If I do a query using a sortBy: ; then i can check if sortComplete. Using a query without sortBy:, I can know the total number of items by calling lastKnownSize. If I do a sortBy: query, the lastKnownSize returns the max number already sorted (which is not ok in my gui; I need the total of that query). However I noticed that u can also use fractionSorted to know how much items already have been sorted, and derived from that how much items there are in total.
For instance:
Last known size: 2249 Fraction Sorted:(2249/6065)
So I wrote code like this to already know and show the total numbers of the search, even if the search is still going on on the server, like this I can then already show the first page with the result, while the server is still creating further pages
totalNumberOfElements ^(magmaCollectionReader sortComplete) ifTrue: [magmaCollectionReader lastKnownSize] ifFalse: [|fractionSorted| fractionSorted := magmaCollectionReader fractionSorted. (fractionSorted = 0) ifTrue: [self totalNumberOfElements]. (fractionSorted isFraction) ifTrue: [fractionSorted denominator] ifFalse: [magmaCollectionReader lastKnownSize]]].
This works mostly. If the fraction gets reduced however, the denominator returns a too low number off course. Is there any other way to know the total number of items in the search, even if it is still going on the server?
If I follow the code into MaQueryExecutor>>fractionComplete ^ trunkPosition ifNil: [ 0 ] ifNotNil: [ | trunkSize | trunkSize _ self trunk trunkSize. trunkSize = 0 ifTrue: [ 1 ] ifFalse: [ trunkPosition / self trunk trunkSize ] ]
I understand where the 0 can come from & where the reduction comes from. Integer/anotherInteger automatically does a reduce.
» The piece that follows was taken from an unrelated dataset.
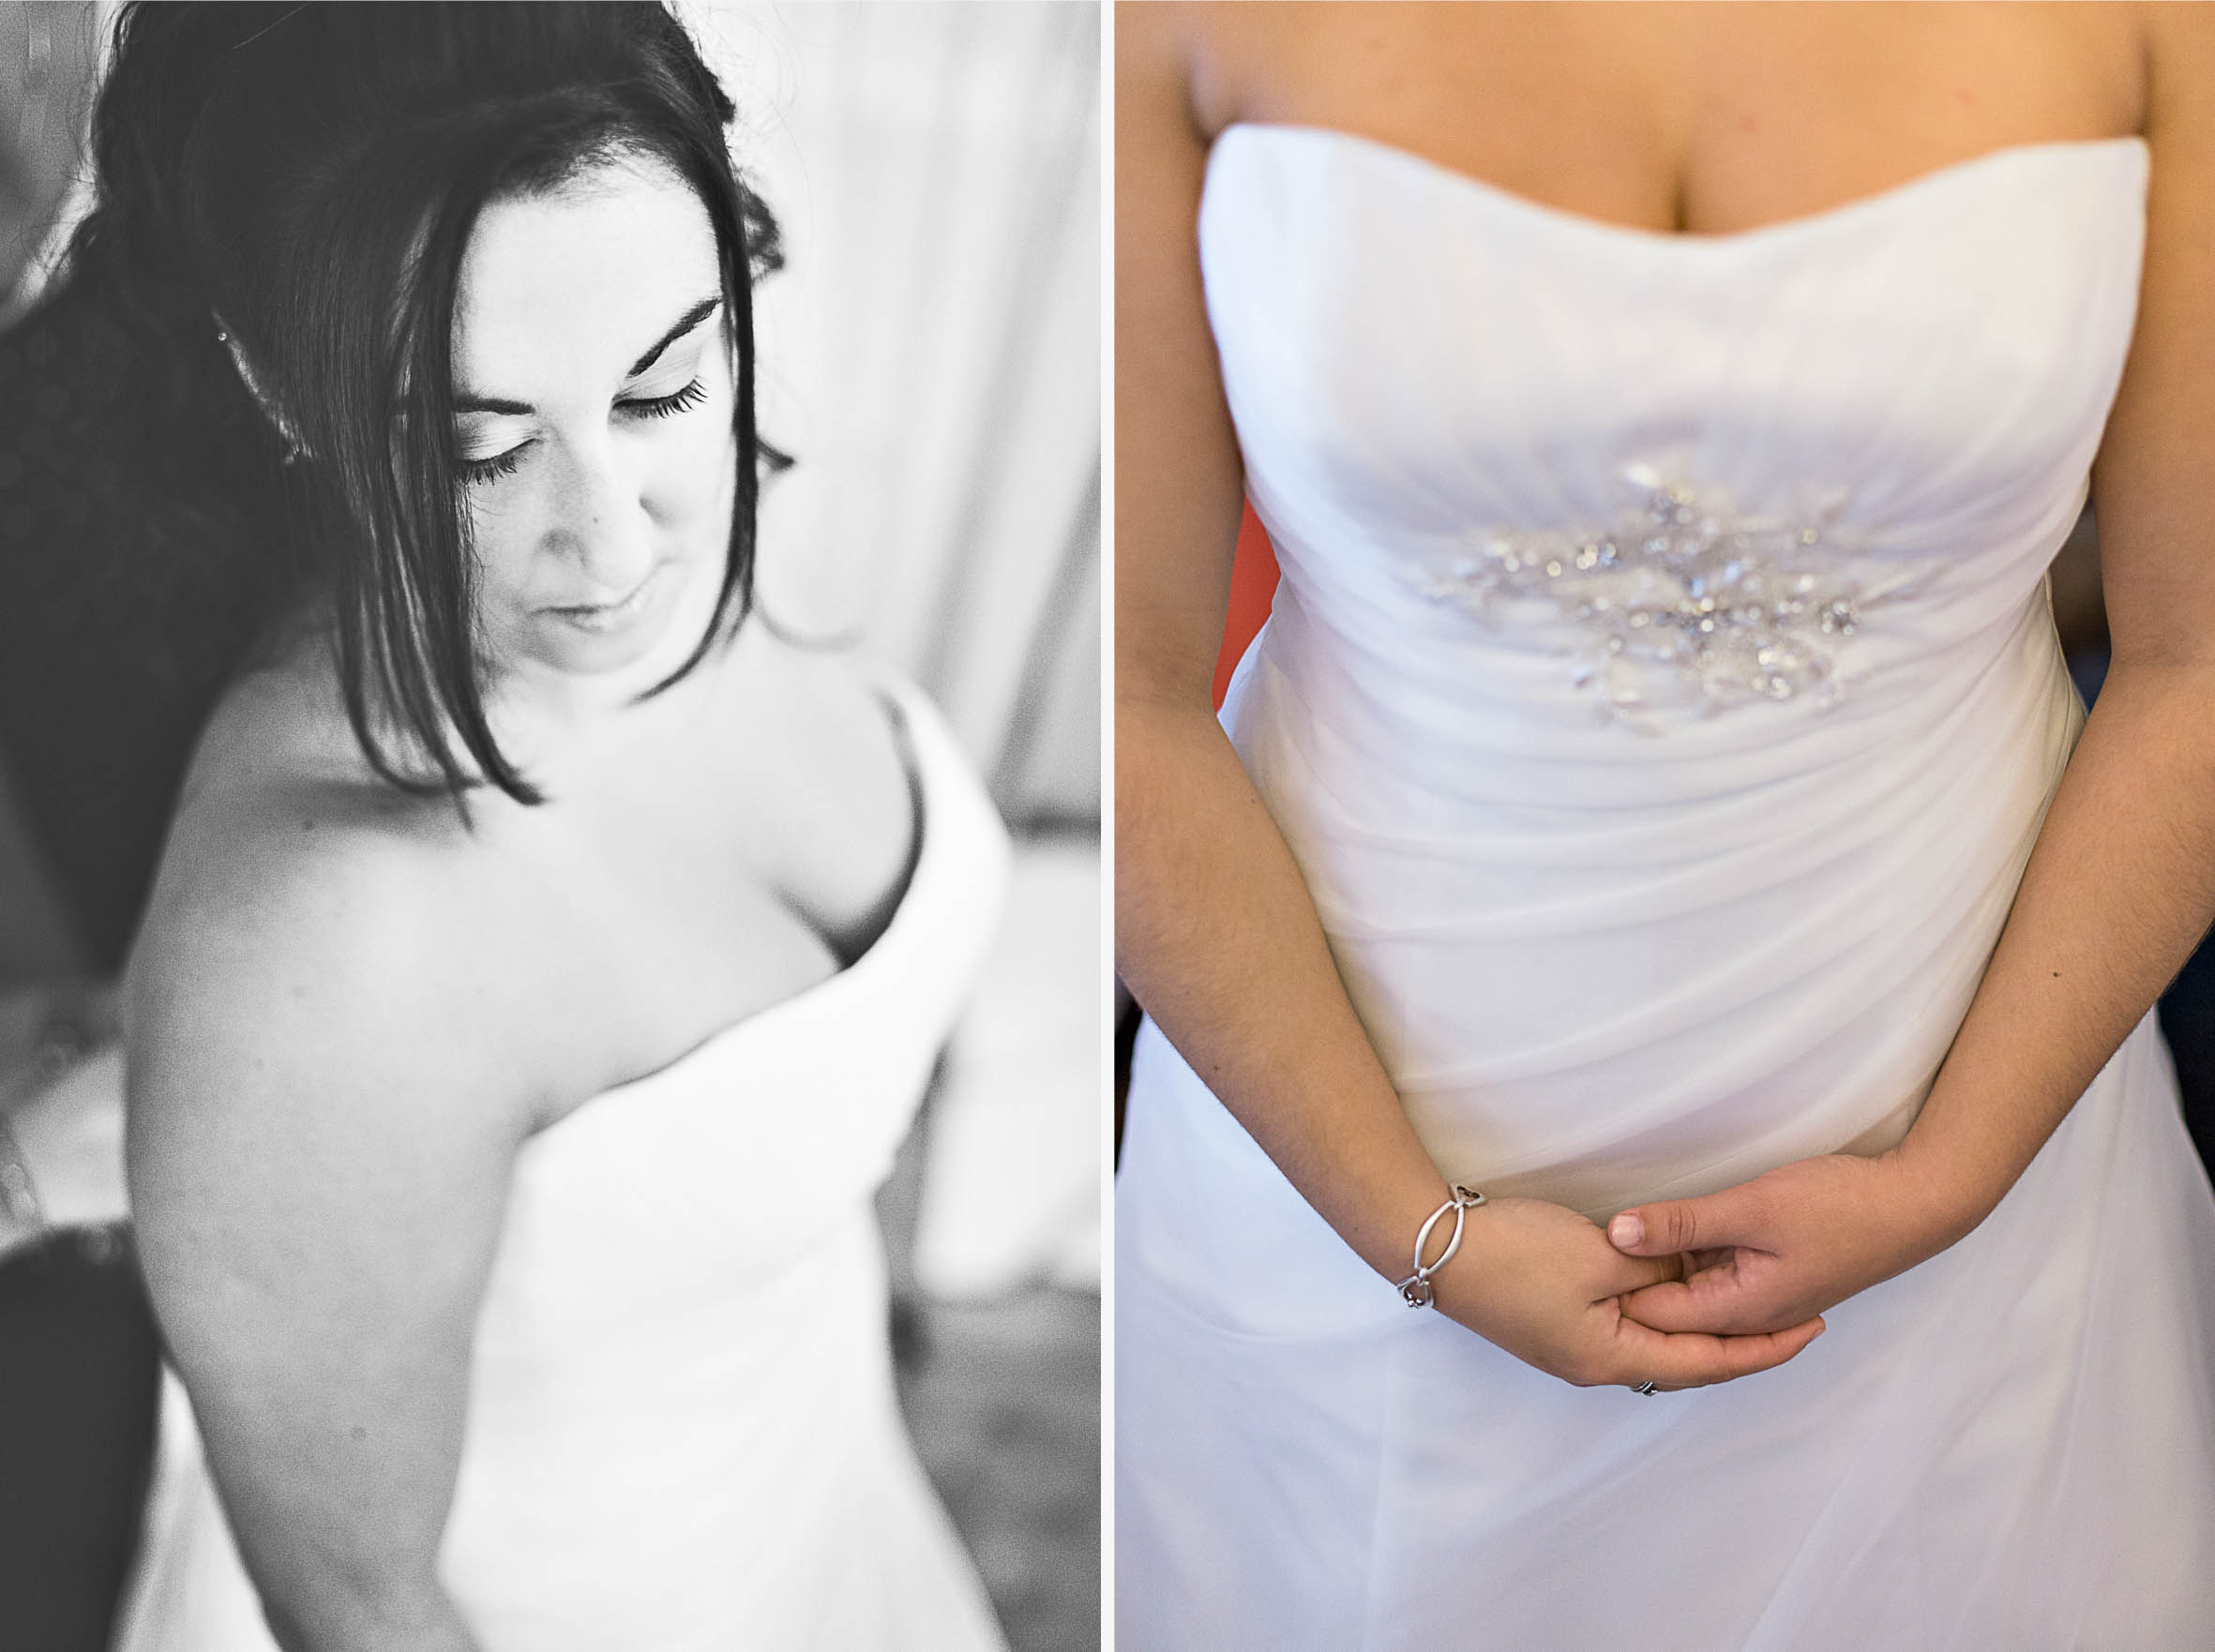 Photographe mariage avignon - Ambre & Amandine-7-1

If I on the server Image change MaQueryExecutor>>fractionComplete ^ trunkPosition ifNil: [ 0 ] ifNotNil: [ | trunkSize | trunkSize _ self trunk trunkSize. trunkSize = 0 ifTrue: [ 1 ] ifFalse: [* Fraction numerator: trunkPosition denominator: self trunk trunkSize* ] ]
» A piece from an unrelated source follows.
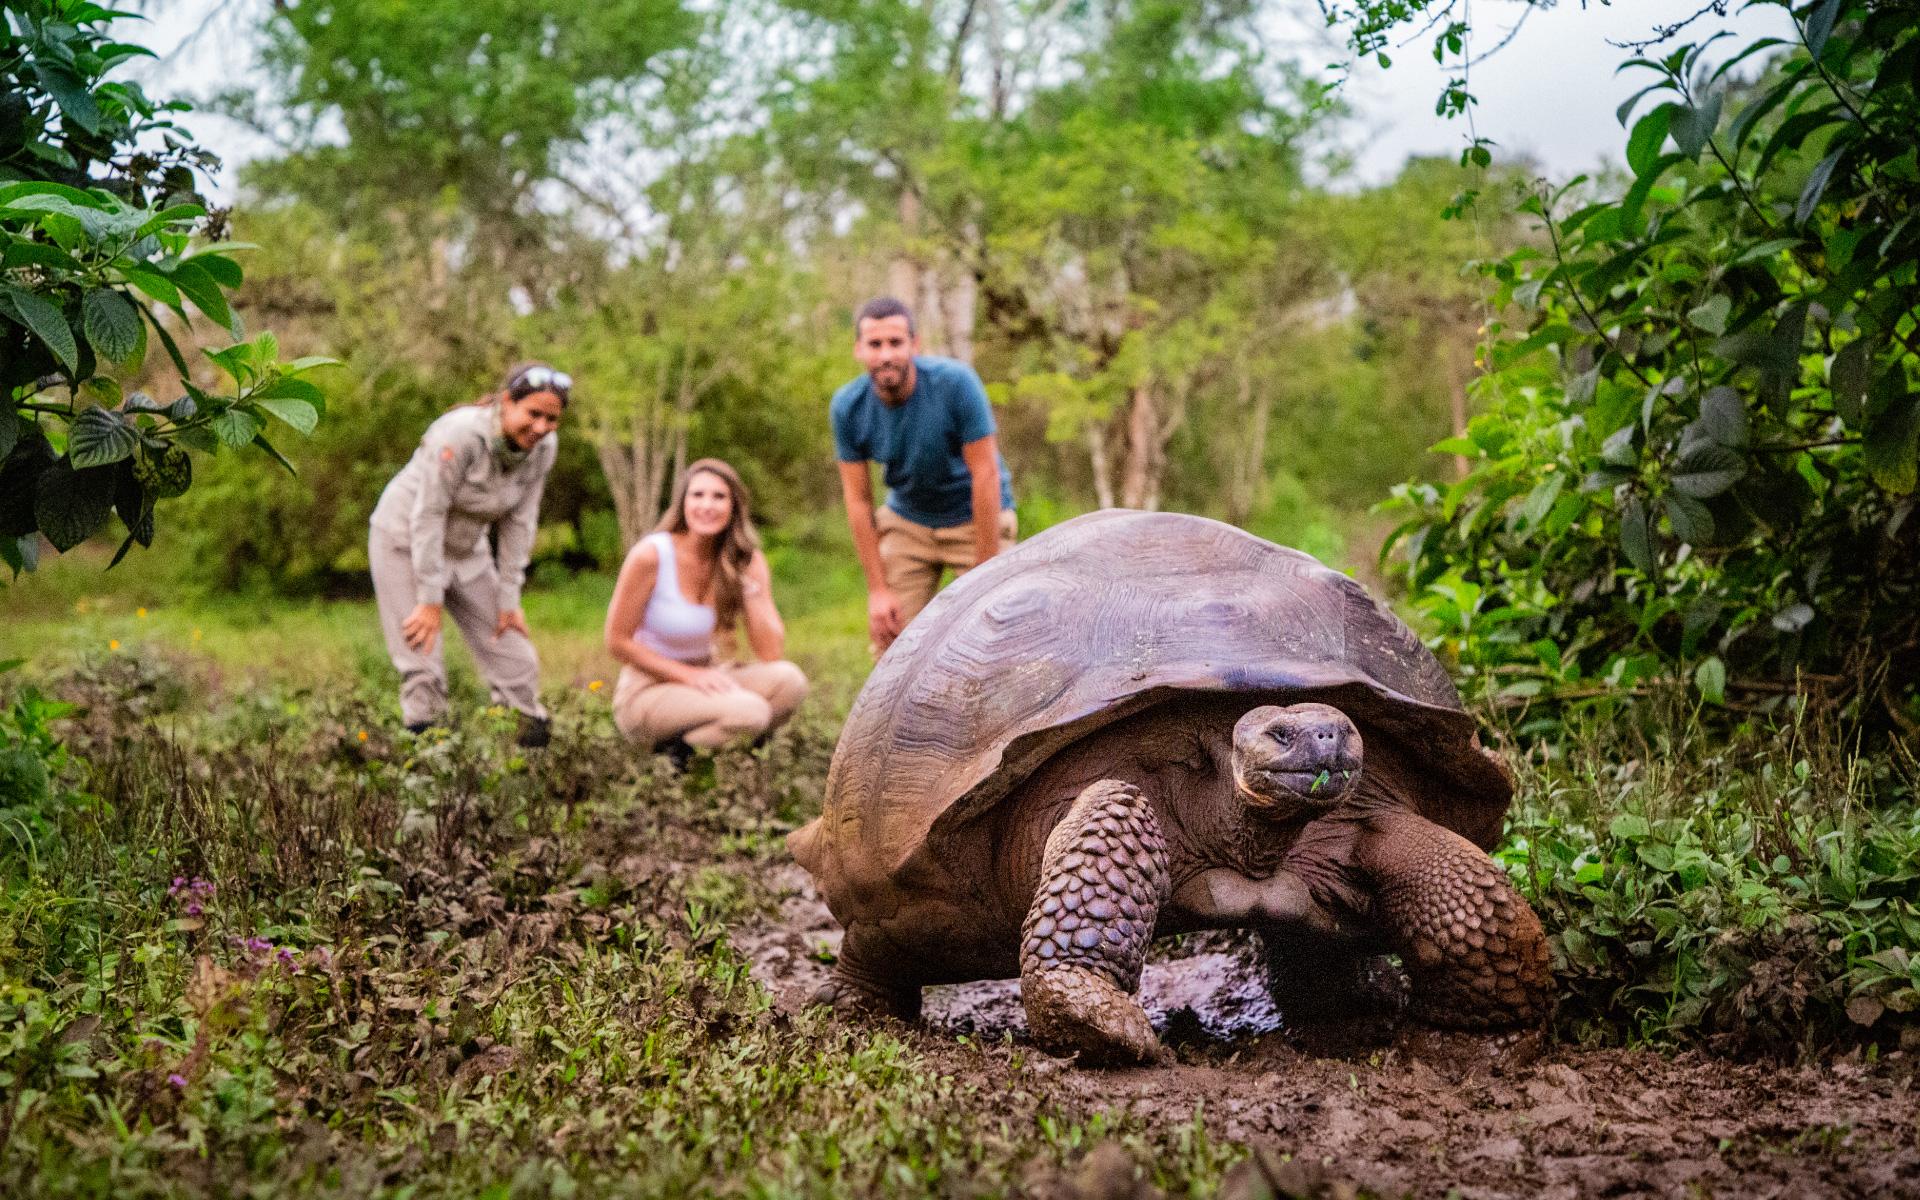 Galapagos giant tortoise at Manzanillo

It works because the reduce is then not done. This is a bit of hack off course.
Is there any other way of doing this?
Thanks for any help.
Kind Regards
Bart
Hi Bart,
I had to re-read my own docs on the swiki to remember how this works.. I might be confused, but sorting should not affect the size. So you should be able to do a #where:, then check the #lastKnownSize, then sort. The (#where: aBlock distinct: makeDistinct sortBy: attributeSymbol descending: shouldDescend) message is just a convenience method that does them both at once. If you need to know the size before sorting, I think they can be done separately.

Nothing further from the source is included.